Activity: Copy whichever lines of the data hold the word "Foto".
** Data to use follows **
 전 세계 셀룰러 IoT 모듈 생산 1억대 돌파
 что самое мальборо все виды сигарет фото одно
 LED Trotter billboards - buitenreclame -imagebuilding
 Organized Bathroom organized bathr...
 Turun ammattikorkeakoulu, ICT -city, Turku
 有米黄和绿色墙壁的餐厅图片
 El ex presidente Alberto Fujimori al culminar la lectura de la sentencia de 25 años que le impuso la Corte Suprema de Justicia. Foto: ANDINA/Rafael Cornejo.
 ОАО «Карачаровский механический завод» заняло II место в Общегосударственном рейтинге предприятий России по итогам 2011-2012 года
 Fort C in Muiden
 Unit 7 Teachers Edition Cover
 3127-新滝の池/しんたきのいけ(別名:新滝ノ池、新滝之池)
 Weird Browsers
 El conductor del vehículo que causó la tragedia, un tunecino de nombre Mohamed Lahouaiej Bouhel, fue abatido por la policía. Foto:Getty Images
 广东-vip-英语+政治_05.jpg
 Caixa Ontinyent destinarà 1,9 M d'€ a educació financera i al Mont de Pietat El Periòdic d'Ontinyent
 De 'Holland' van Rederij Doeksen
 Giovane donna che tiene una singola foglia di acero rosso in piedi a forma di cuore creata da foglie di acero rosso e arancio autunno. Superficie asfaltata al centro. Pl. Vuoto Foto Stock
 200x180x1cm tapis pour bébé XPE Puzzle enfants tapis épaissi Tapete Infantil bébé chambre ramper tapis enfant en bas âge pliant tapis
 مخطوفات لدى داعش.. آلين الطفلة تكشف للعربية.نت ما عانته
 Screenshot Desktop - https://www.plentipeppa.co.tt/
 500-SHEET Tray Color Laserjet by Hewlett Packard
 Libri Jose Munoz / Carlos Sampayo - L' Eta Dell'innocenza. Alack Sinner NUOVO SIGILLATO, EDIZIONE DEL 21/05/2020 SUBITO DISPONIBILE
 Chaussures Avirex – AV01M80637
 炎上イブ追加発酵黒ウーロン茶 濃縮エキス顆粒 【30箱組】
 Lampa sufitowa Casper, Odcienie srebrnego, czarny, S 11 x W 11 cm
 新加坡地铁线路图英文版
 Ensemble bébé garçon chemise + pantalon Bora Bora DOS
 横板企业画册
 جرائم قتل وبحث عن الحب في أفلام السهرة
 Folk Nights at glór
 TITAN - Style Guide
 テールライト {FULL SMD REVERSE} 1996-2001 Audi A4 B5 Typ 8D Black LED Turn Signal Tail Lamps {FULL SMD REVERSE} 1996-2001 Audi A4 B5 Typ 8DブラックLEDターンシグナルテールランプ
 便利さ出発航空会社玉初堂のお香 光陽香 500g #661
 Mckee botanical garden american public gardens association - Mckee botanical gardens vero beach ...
** End of Data to use **
Exercise response:
 El ex presidente Alberto Fujimori al culminar la lectura de la sentencia de 25 años que le impuso la Corte Suprema de Justicia. Foto: ANDINA/Rafael Cornejo.
 El conductor del vehículo que causó la tragedia, un tunecino de nombre Mohamed Lahouaiej Bouhel, fue abatido por la policía. Foto:Getty Images
 Giovane donna che tiene una singola foglia di acero rosso in piedi a forma di cuore creata da foglie di acero rosso e arancio autunno. Superficie asfaltata al centro. Pl. Vuoto Foto Stock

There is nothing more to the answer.